- Directed by: Albert Serra
- Written by: Albert Serra
- Produced by: Albert Serra
- Starring: Riley Keough; F. Murray Abraham; Liza Yankovskaia; Birte von Knoblauch;
- Cinematography: Artur Tort
- Production companies: Les Films du Losange; Idéale Audience Group; Andergraun Films; Felix Culpa; Rosa Filmes; Forma Pro;
- Release date: 2026;
- Countries: France; Spain; Portugal; Latvia; United States;
- Language: English

= Out of This World (2026 film) =

Out of This World is an upcoming drama film written and directed by Albert Serra. It stars Riley Keough, F. Murray Abraham, Alexander Johnson, Liza Yankovskaia and Birte von Knoblauch. It is Serra's first English-language film.

==Premise==
An American delegation travels to Russia in the midst of the Ukrainian war to try to find a solution to an economic dispute linked to sanctions.

==Cast==
- Riley Keough
- F. Murray Abraham
- Alexander Johnson
- Liza Yankovskaia
- Birte von Knoblauch

==Production==
In May 2024, it was announced that Albert Serra would be writing and directing his English-language feature film debut, with Kristen Stewart in the lead role. In March 2025, Serra told Catalan radio station RAC1 that Stewart exited the project due to being unsatisfied with script changes.

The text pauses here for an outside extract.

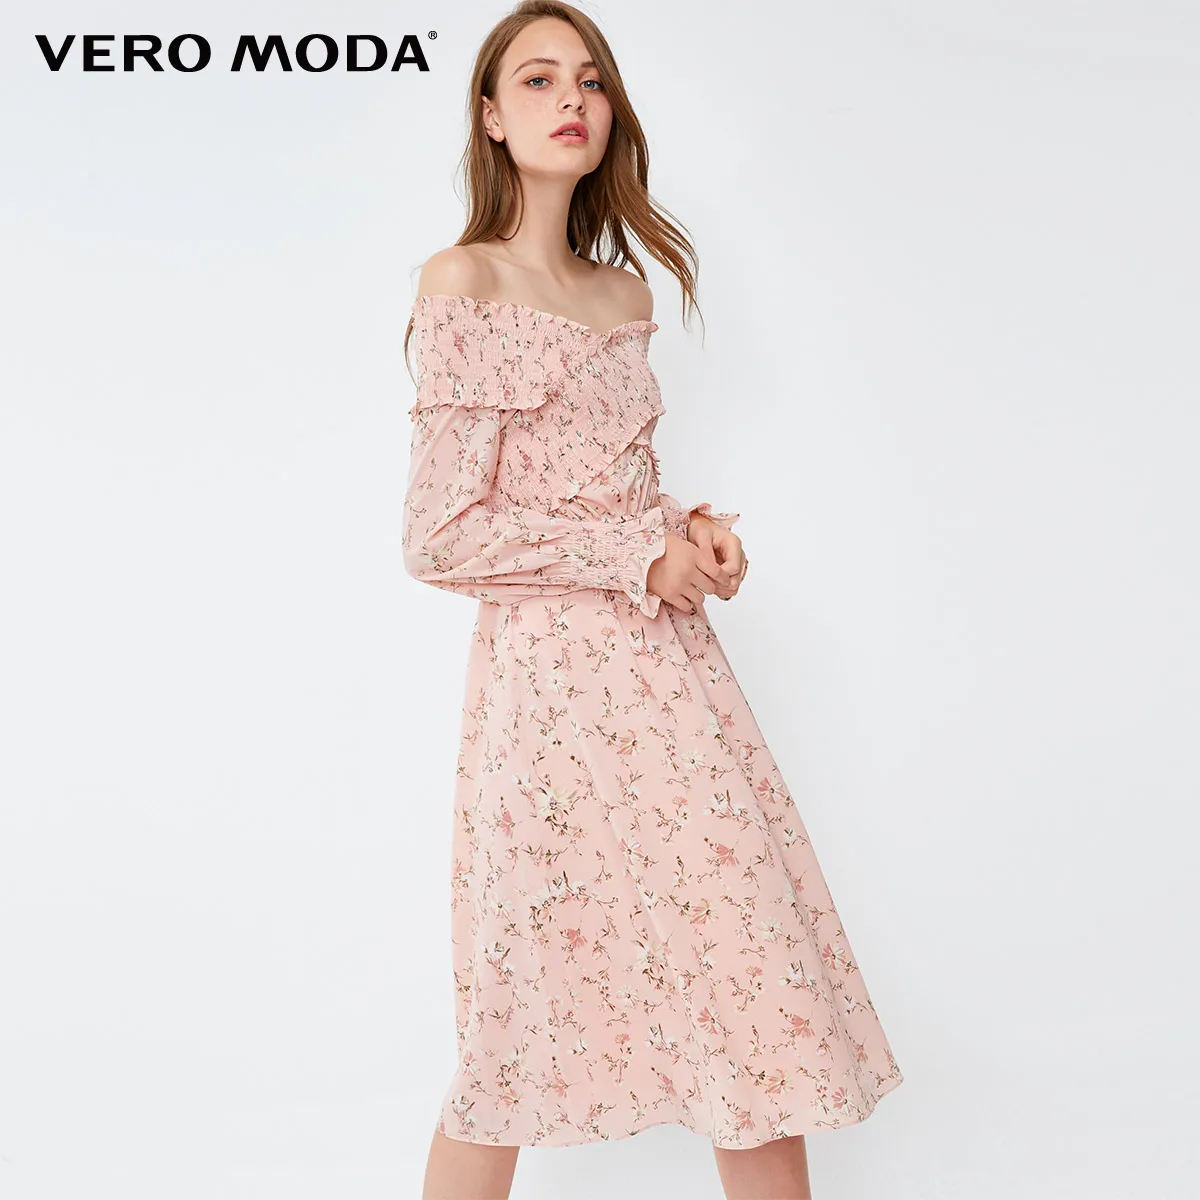 Vero Moda Грудь Эластичный крест-над дизайн Цветочное платье рукав платье | 31837D503 - Цвет: Rose smoke
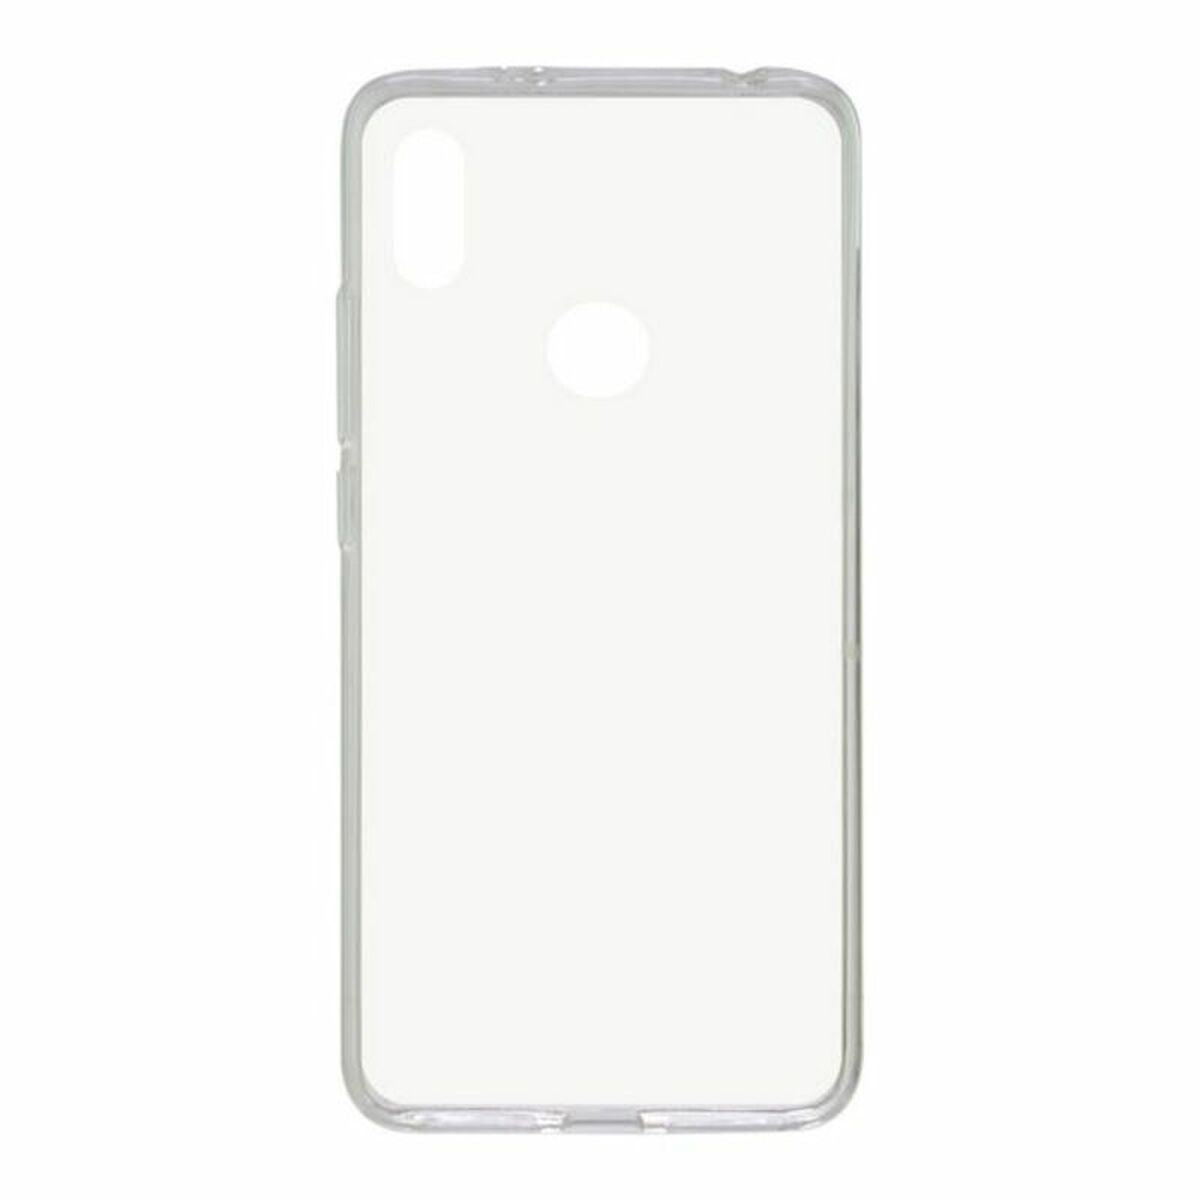 Mobile cover Xiaomi Redmi Note S2 KSIX Flex TPU Transparent

Principal photography began in May 2025, in Latvia, with Riley Keough, F. Murray Abraham, Alexander Johnson, Liza Yankovskaia, and Birte von Knoblauch joining the cast. In September 2025, it was reported that filming had "recently wrapped in Latvia". Serra had filmed over 800 hours of footage to edit in post-production over the course of a four-week shoot.

==Release==
Out of This World is scheduled to be released in the United States in 2026.